River in West Java and Banten, Indonesia

The Cisadane River (Note: Note that the prefixed syllable "Ci" means river, so to avoid tautology the true translation is "Sadane River".) is a 138 km long river in northern West Java, Indonesia. The river has its source at Mount Pangrango and passes through Bogor and Tangerang before flowing to the Java Sea.

The rivers in Banten, the westernmost province of Java, run roughly parallel to each other.
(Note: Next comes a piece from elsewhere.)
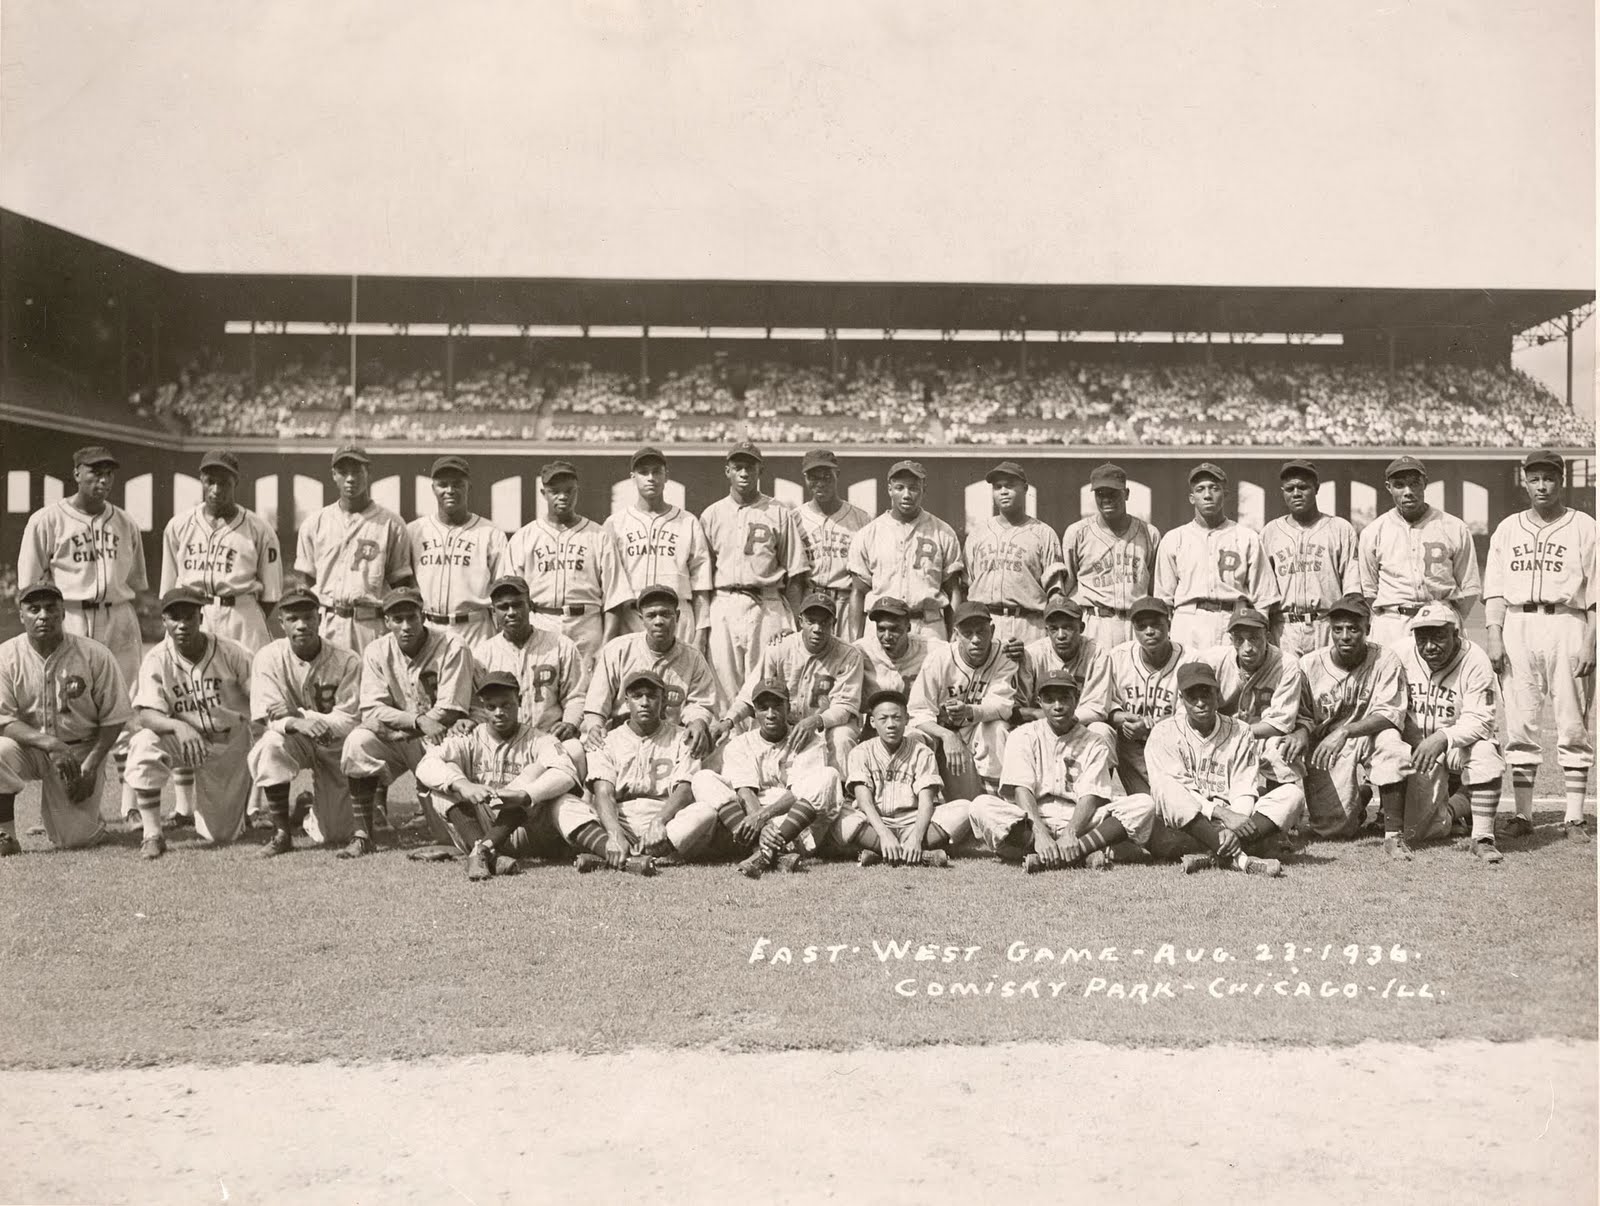 The 1936 Negro League All Stars at the old Comisky Park.

The main ones are the Peteh, called the Banten on the lower reaches near the city of Kota Banten, the Ujung, which enters the sea at Pontang, the Durian, which enters the sea at Tanara, the Manceuri, and the Sadane.

The Ci Sadane rises in the mountainous region of Priyangan and 1682 formed the border between the Dutch East India Company (VOC) territory and Batavia (modern Jakarta).

The Durian, Manceuri, and Sadane rivers flow through the Tangerang Plain.
In 1911 the colonial government started to prepare an irrigation plan, and in 1914 determined that various tracts in the plain should be subject to compulsory purchase for this purpose.
In 1919 a plan was issued where the north of the plain would be irrigated by the Ci Sadane and the southern area by the Ci Durian.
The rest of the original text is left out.